Goal of the exercise:
Starting at the line below holding "Royalty Free Stock" and stopping at the line holding "Bear 小熊 高颜值", print every line exactly, both ends included, and leave the rest out.

Exercise inputs:
===

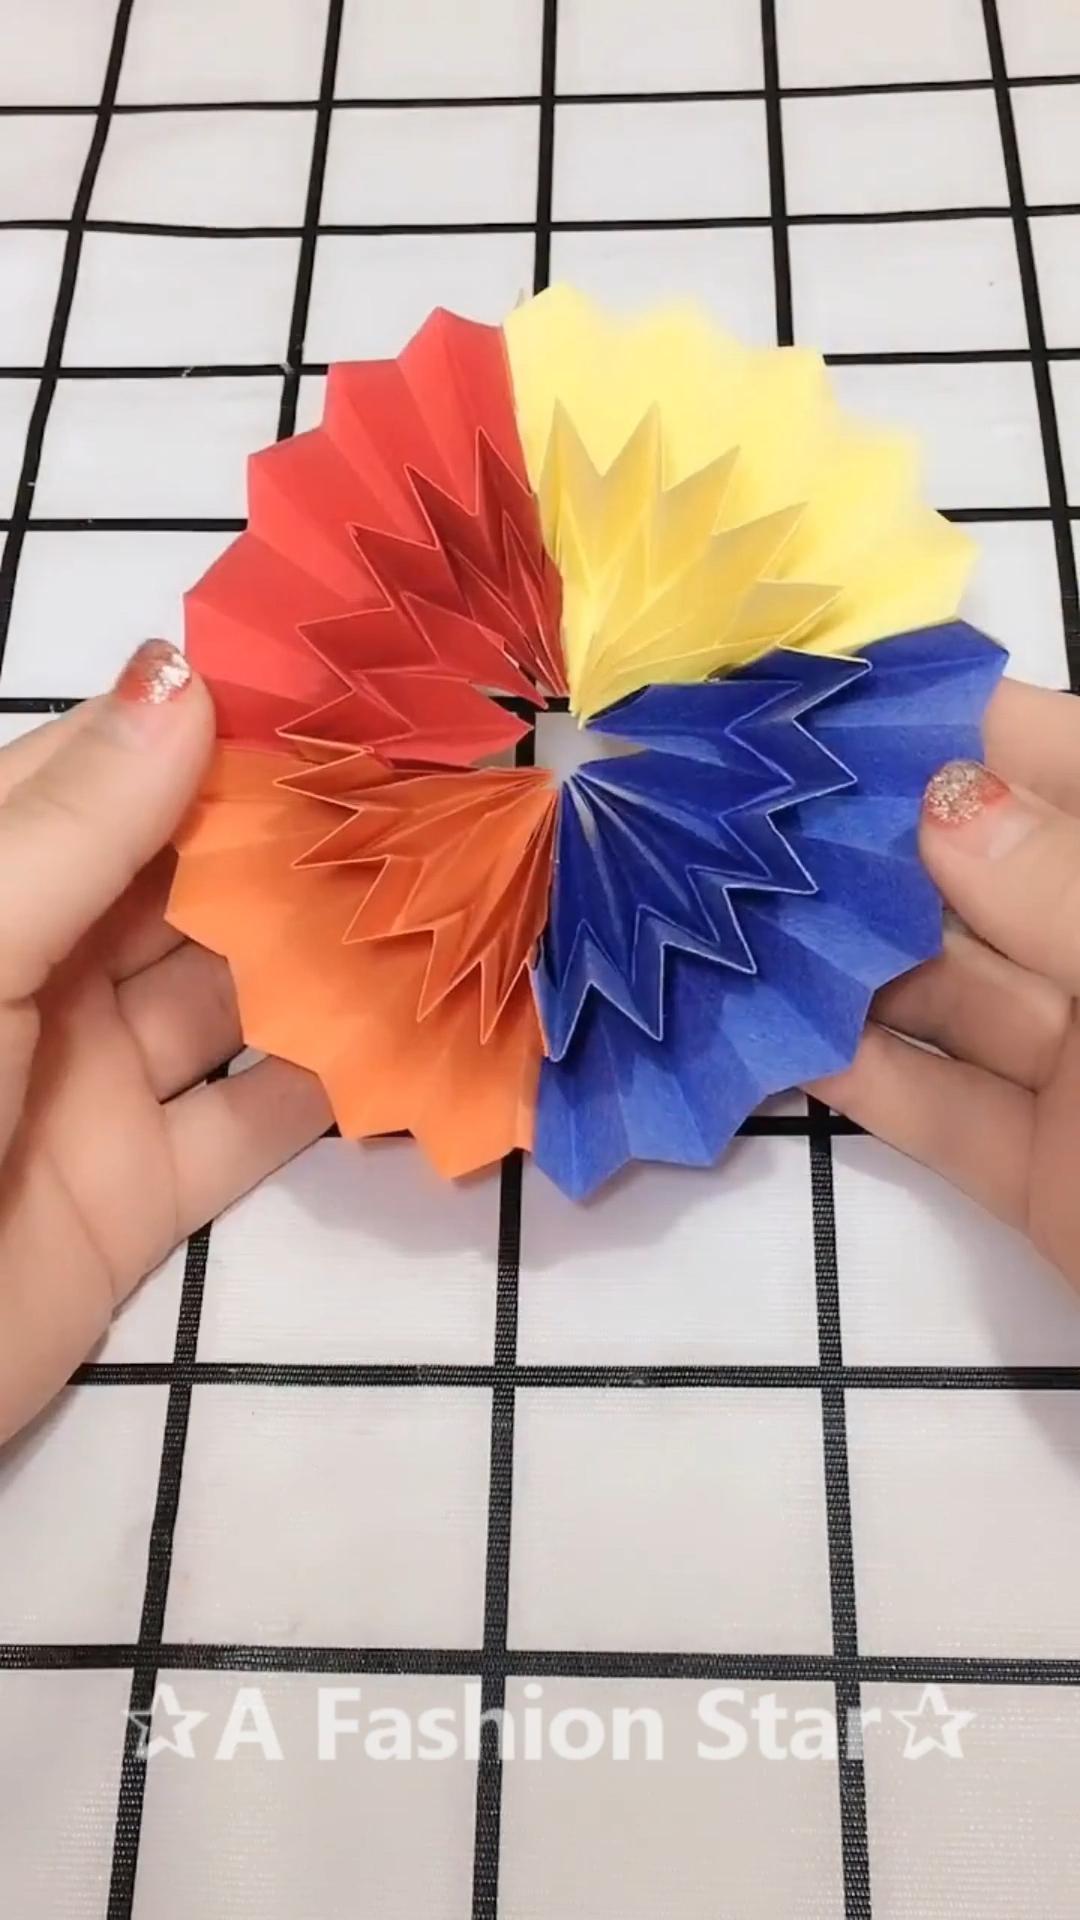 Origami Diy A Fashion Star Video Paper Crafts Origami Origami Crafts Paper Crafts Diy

===

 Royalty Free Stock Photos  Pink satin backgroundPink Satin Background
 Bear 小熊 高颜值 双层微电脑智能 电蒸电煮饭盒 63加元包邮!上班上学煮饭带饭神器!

===

Answer space:
 Royalty Free Stock Photos  Pink satin backgroundPink Satin Background
 Bear 小熊 高颜值 双层微电脑智能 电蒸电煮饭盒 63加元包邮!上班上学煮饭带饭神器!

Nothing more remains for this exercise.